* About this exercise
Pictures are to be excluded. Please print only the lines from the one containing "Formula 1 Nutritional" through the end of the data, exactly as they appear.

* Supplied data
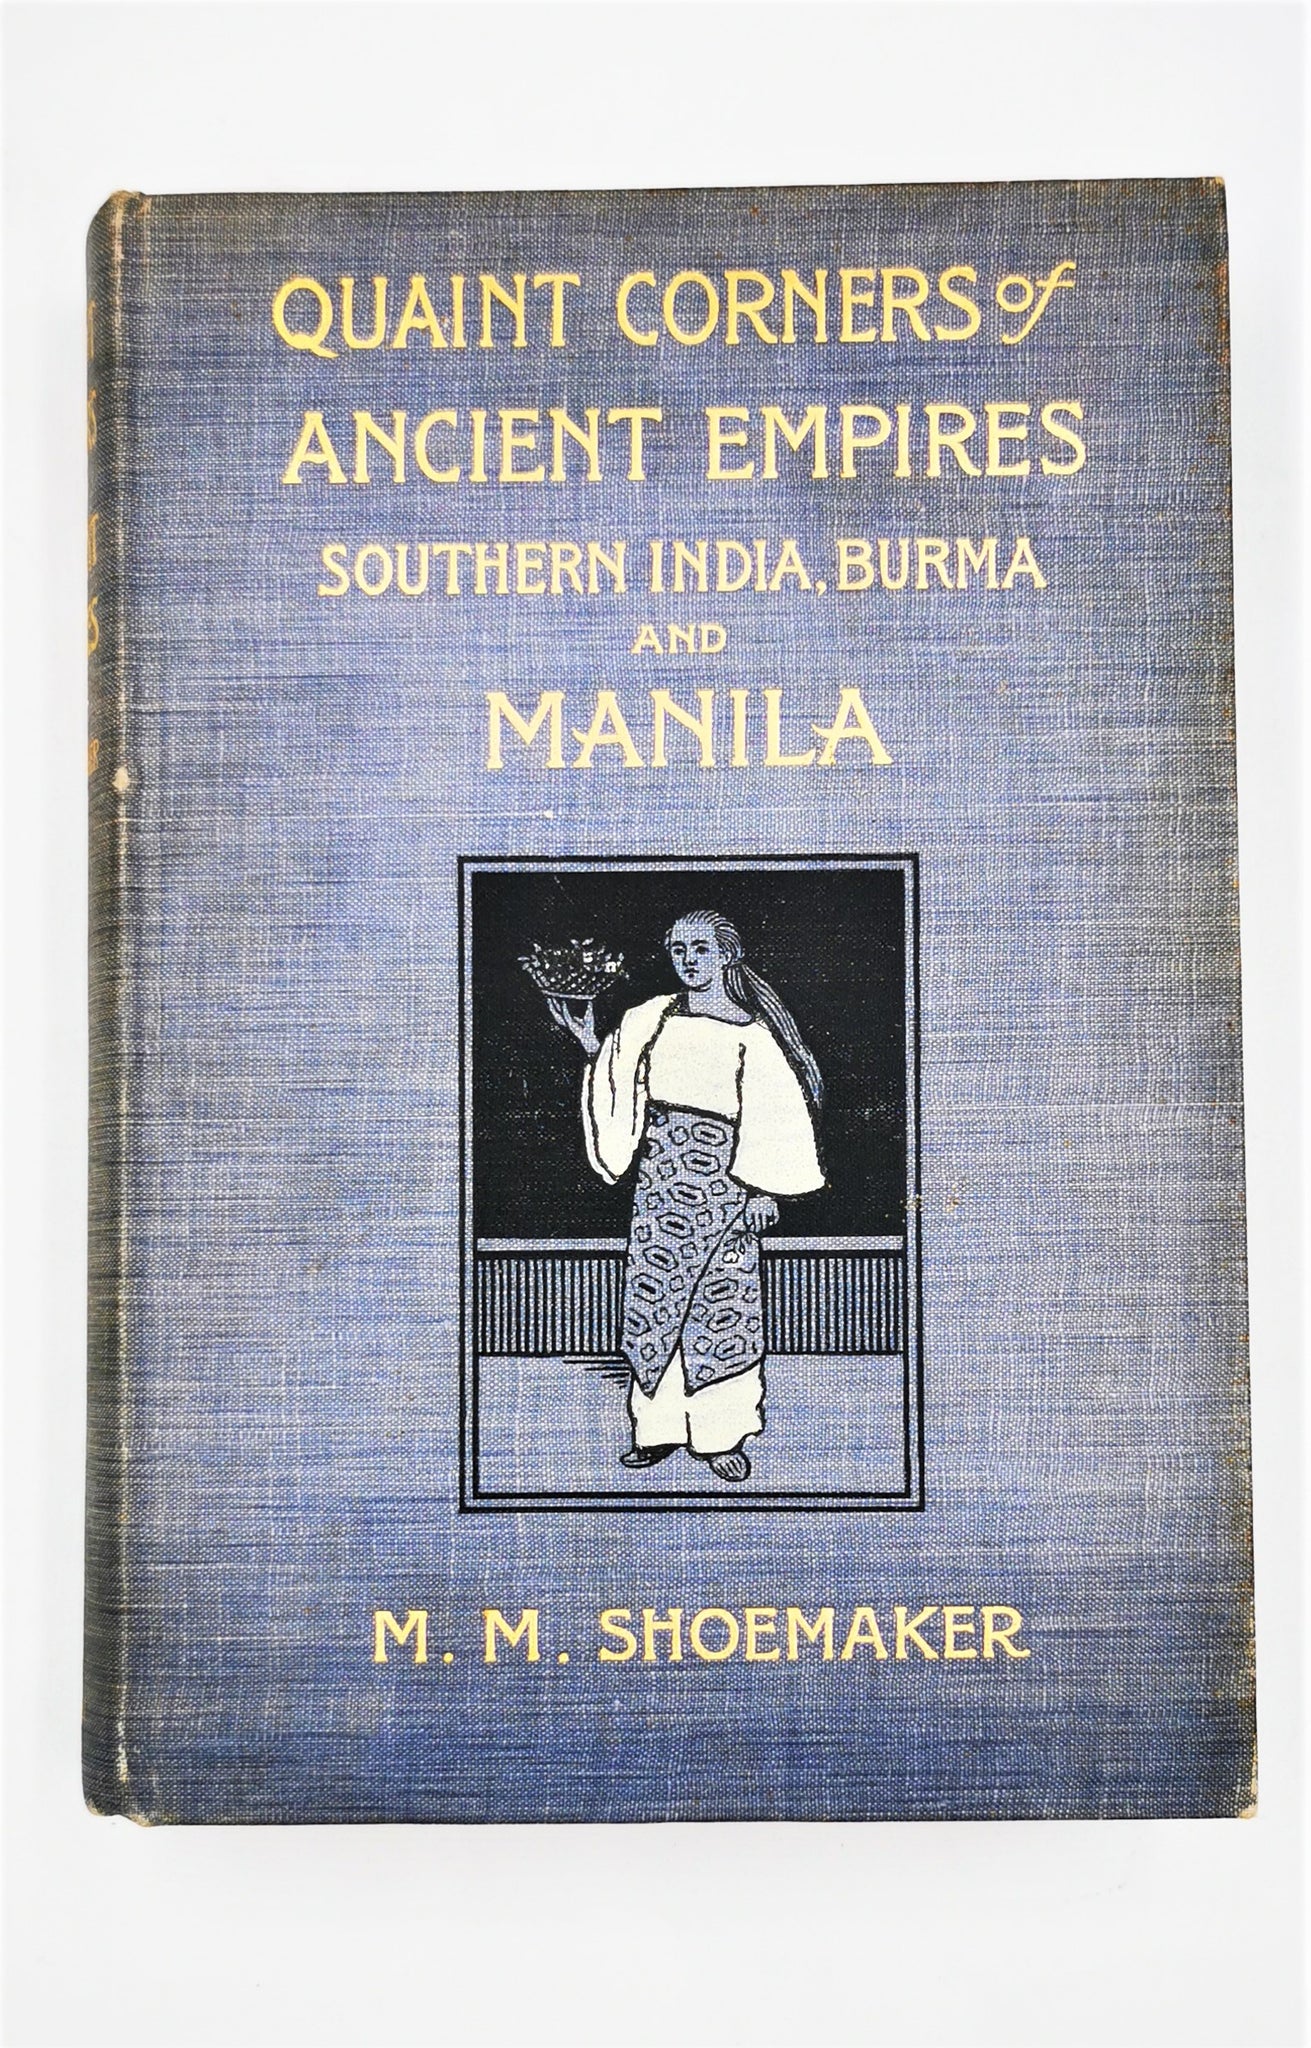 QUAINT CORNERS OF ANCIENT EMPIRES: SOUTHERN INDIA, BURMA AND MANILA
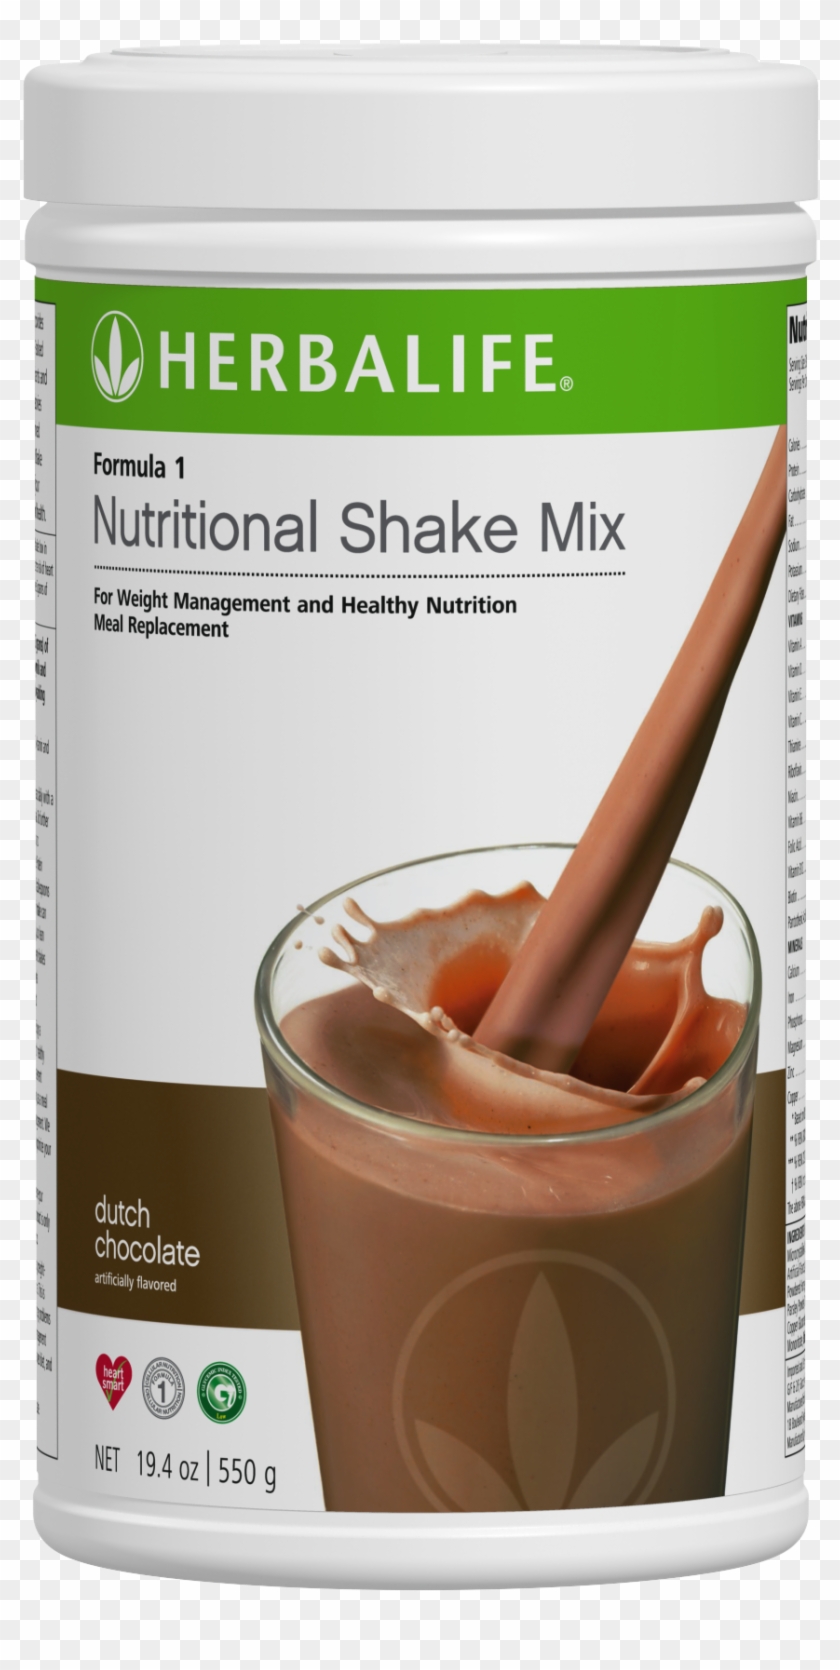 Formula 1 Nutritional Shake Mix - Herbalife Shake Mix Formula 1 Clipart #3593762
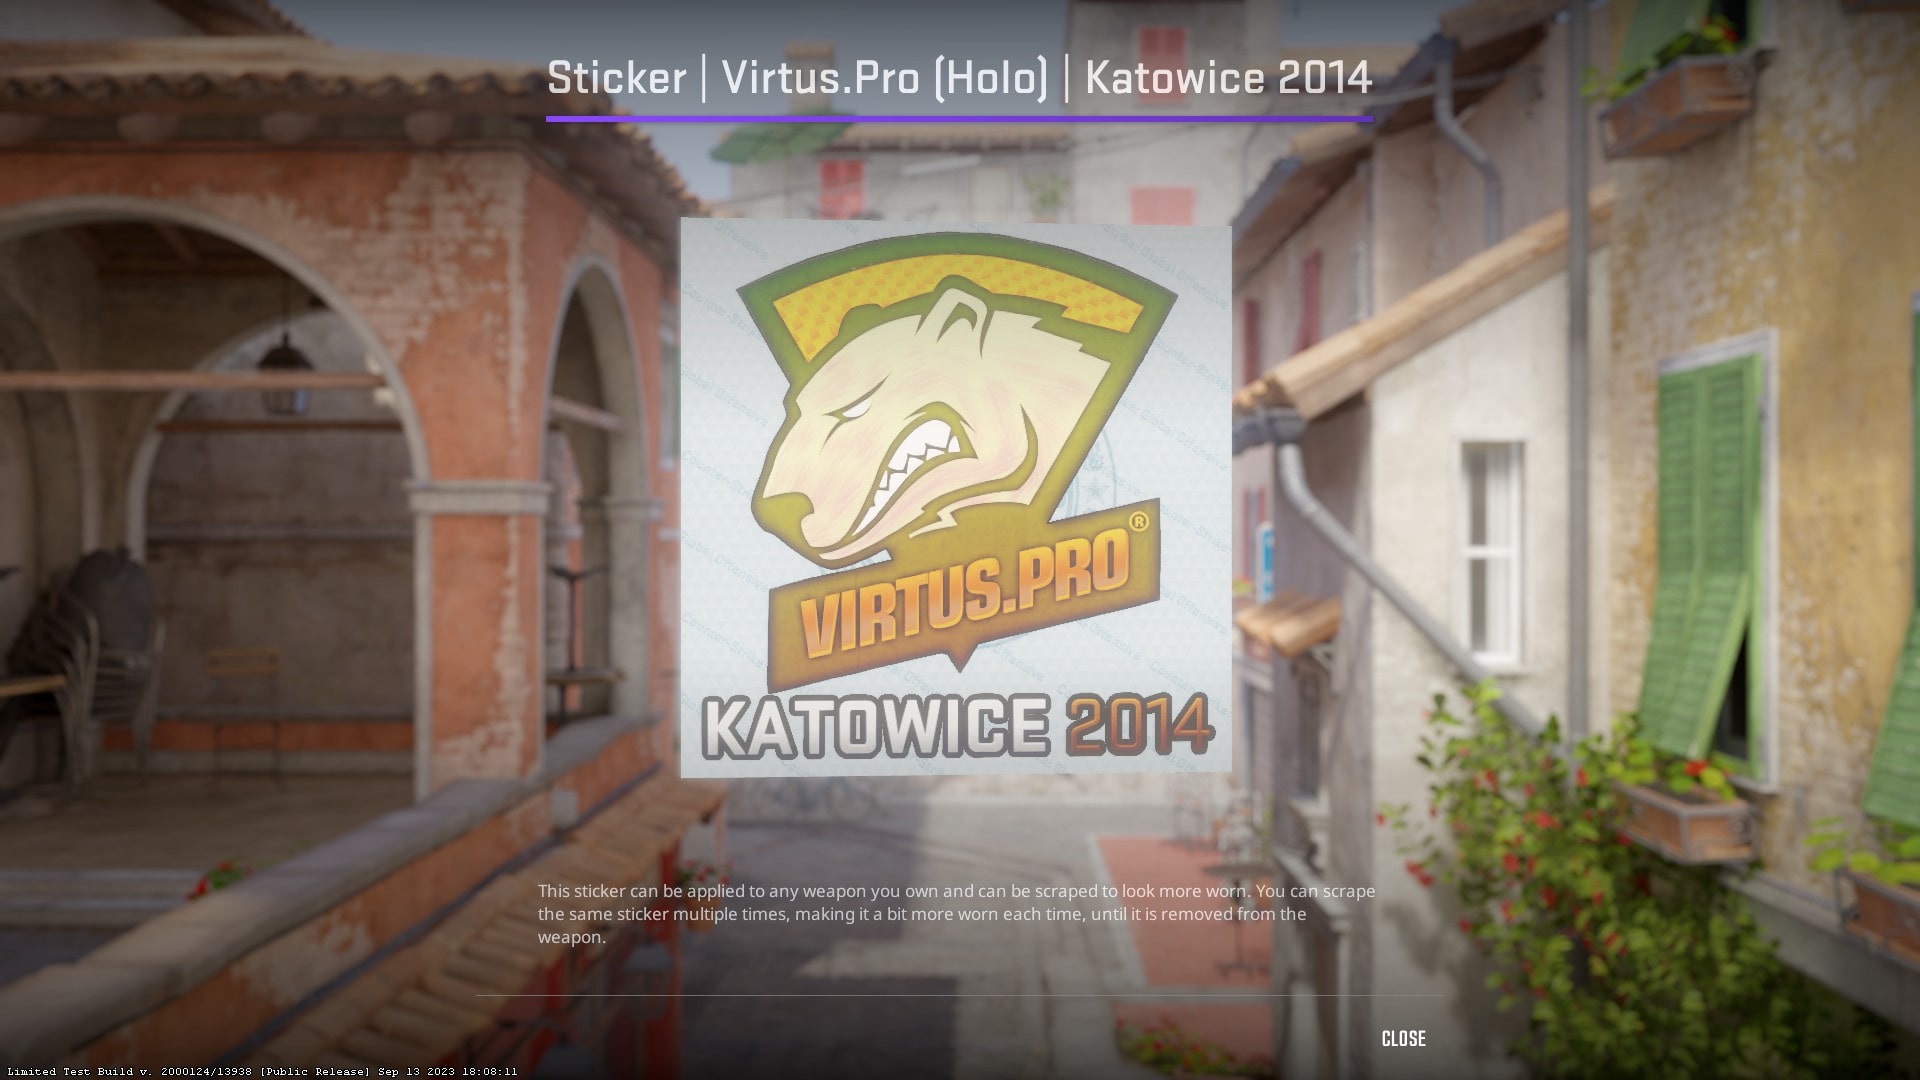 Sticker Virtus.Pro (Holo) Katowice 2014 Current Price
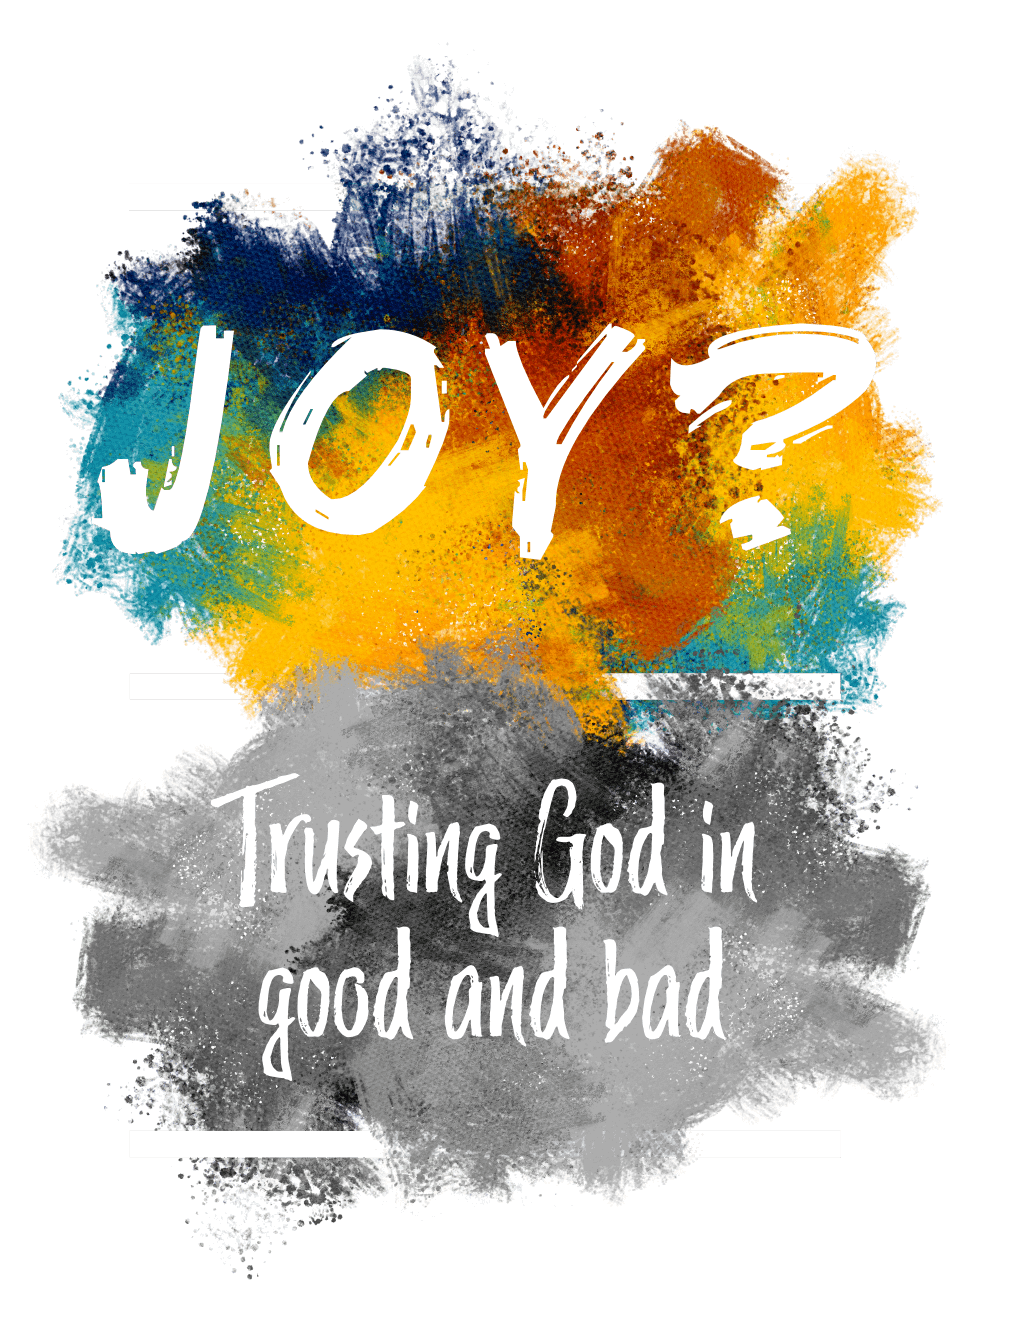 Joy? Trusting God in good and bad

* Output below
 Formula 1 Nutritional Shake Mix - Herbalife Shake Mix Formula 1 Clipart #3593762
 Sticker Virtus.Pro (Holo) Katowice 2014 Current Price
 Joy? Trusting God in good and bad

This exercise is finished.